2. The lock assembly of claim 1, wherein the first control is a
thumb slide.
3. The lock assembly of claim 2, wherein the thumb slide is coupled
to the slide arm so as to vertically shift the slide arm, and the
slide arm is coupled to the first drive disk such that vertical
shifting of the slide arm rotates the first drive disk.
4. The lock assembly of claim 1, wherein the second control is a
key cylinder.
5. The lock assembly of claim 4, wherein the key cylinder is
operably coupled to the second drive disk.

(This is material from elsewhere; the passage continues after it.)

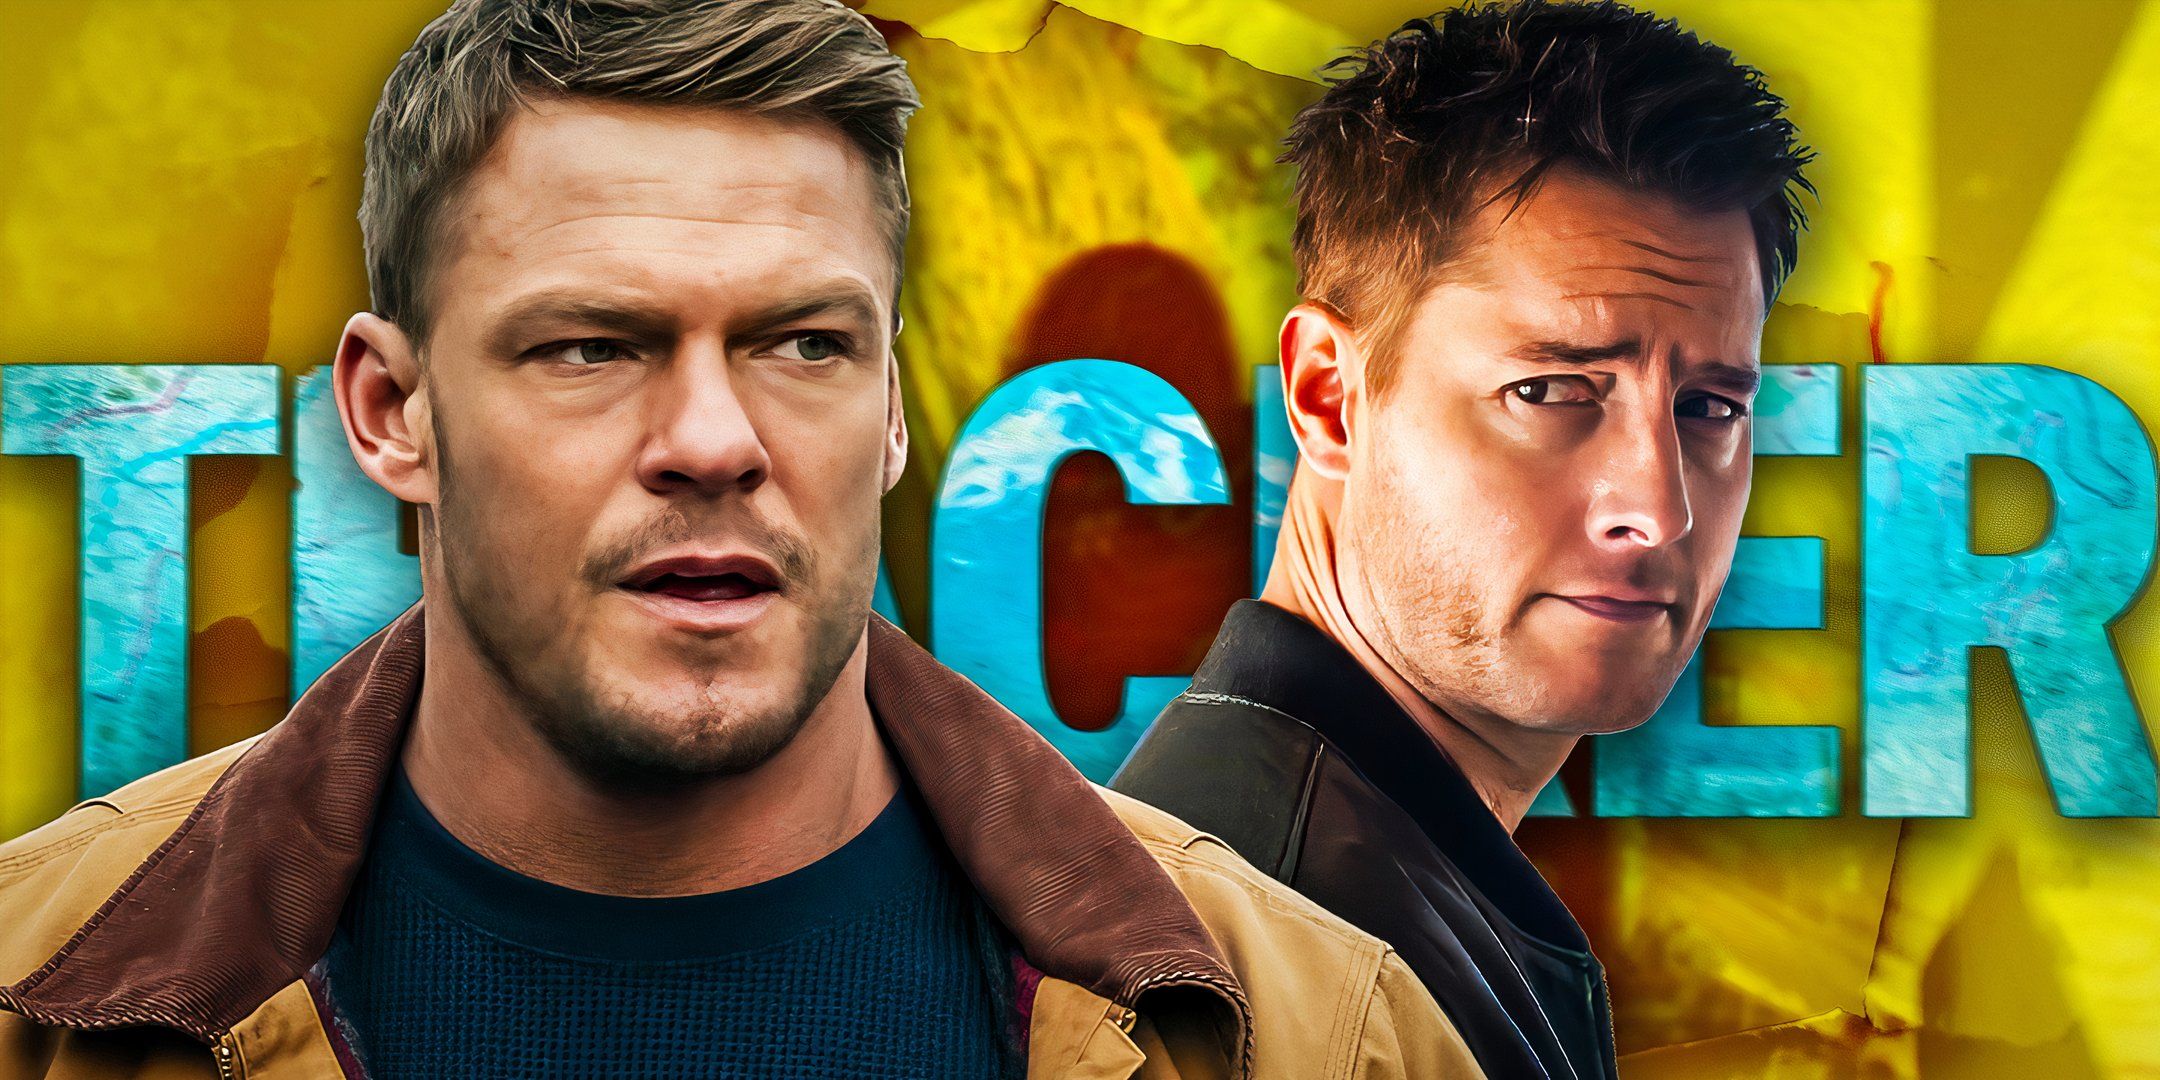 Alan Ritchson as Reacher in Reacher and Justin Hartley as Colter Shaw in Tracker
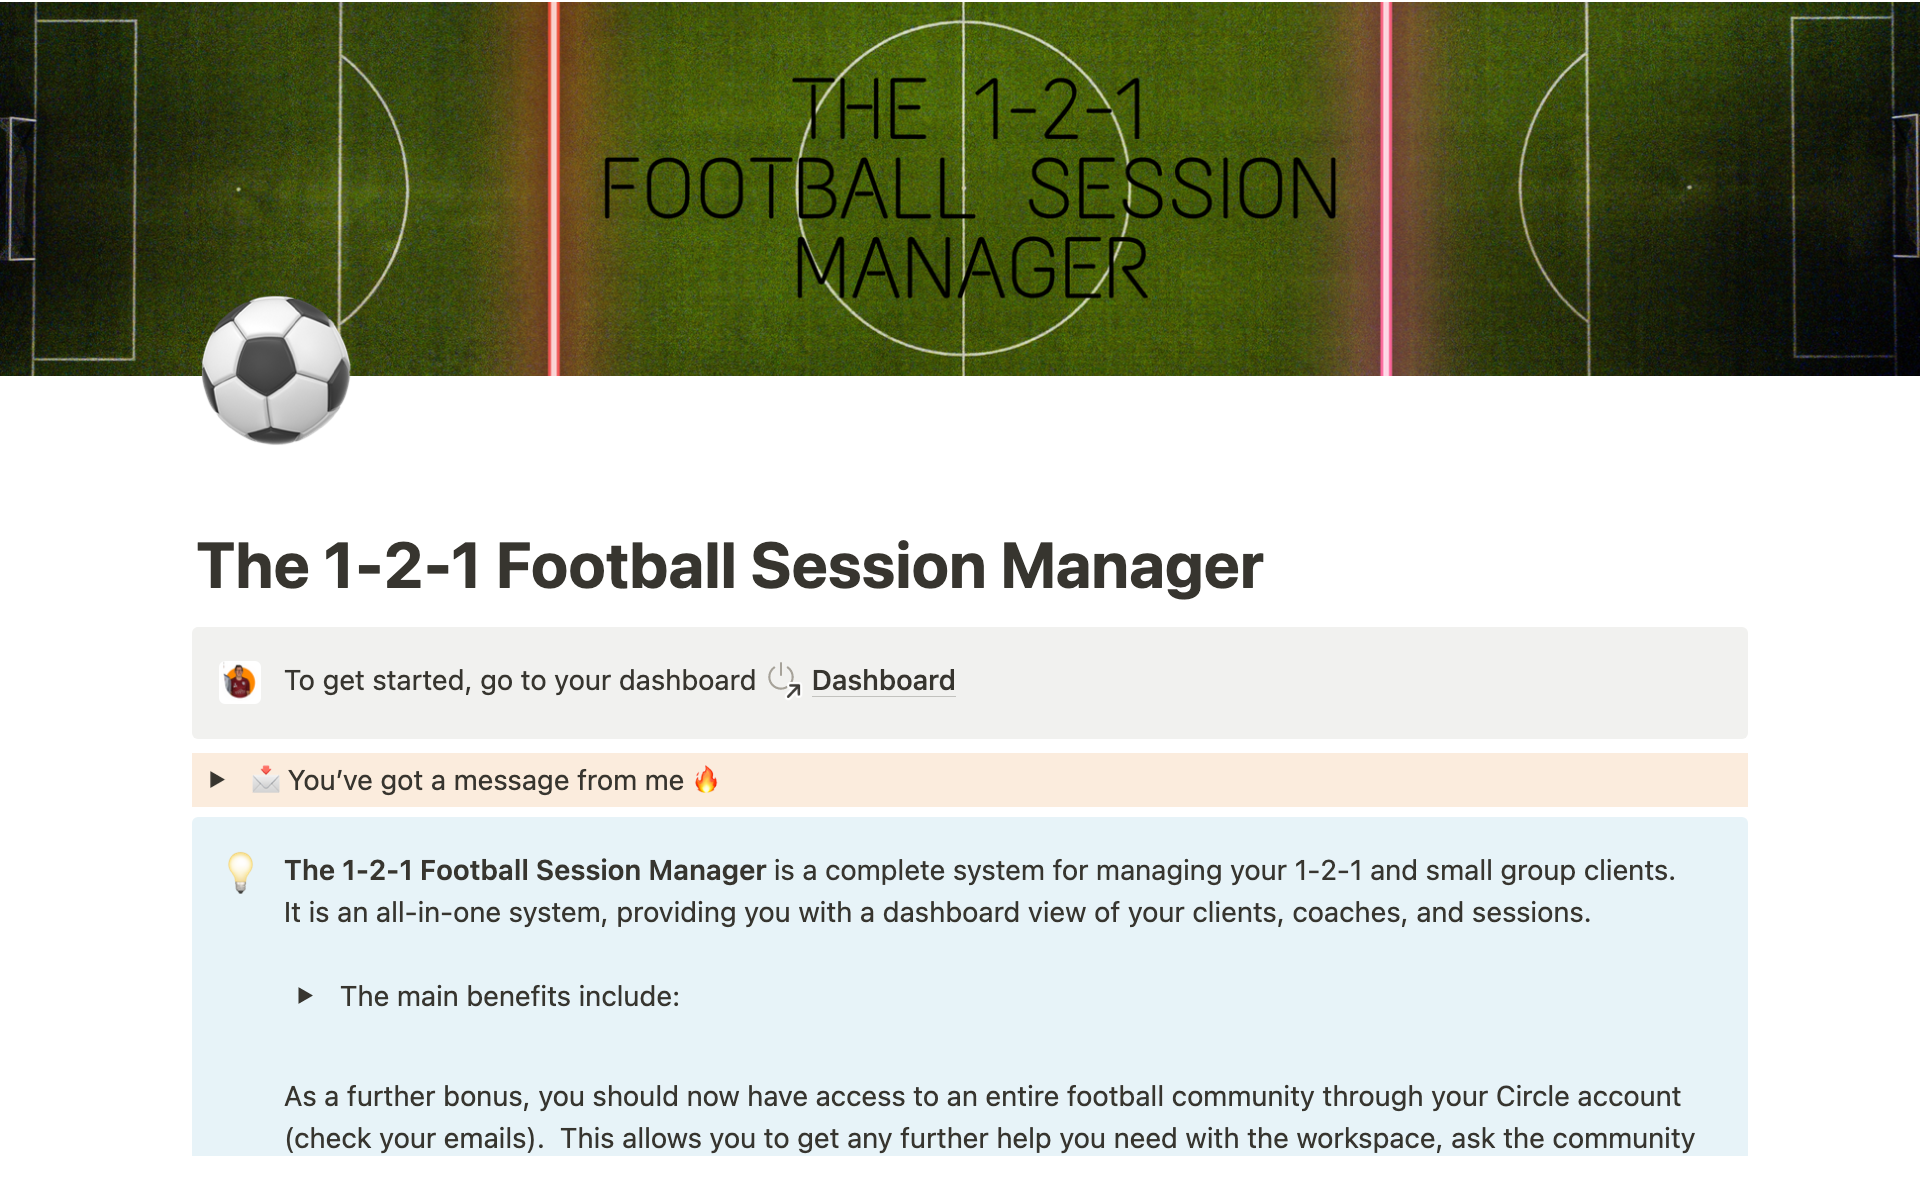 The 1-2-1 Football Session Manager is a complete system for managing your 1-2-1 and small group clients.

6. The lock assembly of claim 1, wherein the at least one lock
element is a hook.
7. A sliding door assembly, comprising; a door panel slidably
mounted in a frame, the frame including a jamb; and a lock assembly
in the door panel, the lock assembly comprising: an interior lock
actuator assembly, including: an interior escutcheon presenting a
substantially planar outer surface and including a first handle
portion recessed relative to the outer surface, and a first
control, an outer surface of the interior escutcheon being
substantially flush with an inwardly facing surface of the door
panel; a first rotatable drive disk; a second rotatable drive disk;
and a slide arm operably coupled with the first drive disk, the
second drive disk, the first control; an exterior lock actuator
assembly comprising an exterior escutcheon presenting a
substantially planar outer surface and including a second handle
portion recessed relative to the outer surface and a second
control, an outer surface of the exterior escutcheon being
substantially flush with an outwardly facing surface of the door
panel, the second control operably coupled with the second drive
disk; and a lock mechanism comprising a housing and at least one
lock element, the at least one lock element selectively shiftable
between an unlocked position in which the at least one lock element
is contained in the housing and a locked position in which the at
least one lock element extends from the housing to engage a keeper
in the jamb, wherein the first drive disk is operably connected
with the at least one lock element so as to drive shifting of the
at least one lock element between the unlocked position and the
locked position when the first drive disk is rotated, and wherein
the first control and the second control are selectively operable
to rotate the first drive disk.
8. The sliding, door assembly of claim 7, wherein the first control
is a thumb slide.
9. The sliding door assembly of claim 8, wherein the thumb slide is
coupled to the slide arm so as to vertically shift the slide arm,
and the slide arm is coupled to the first drive disk such that
vertical shifting of the slide arm rotates the first drive
disk.
10. The sliding door assembly of claim 7, wherein the second
control is a key cylinder.
11. The sliding door assembly of claim 10, wherein the key cylinder
is operably coupled to the second drive disk.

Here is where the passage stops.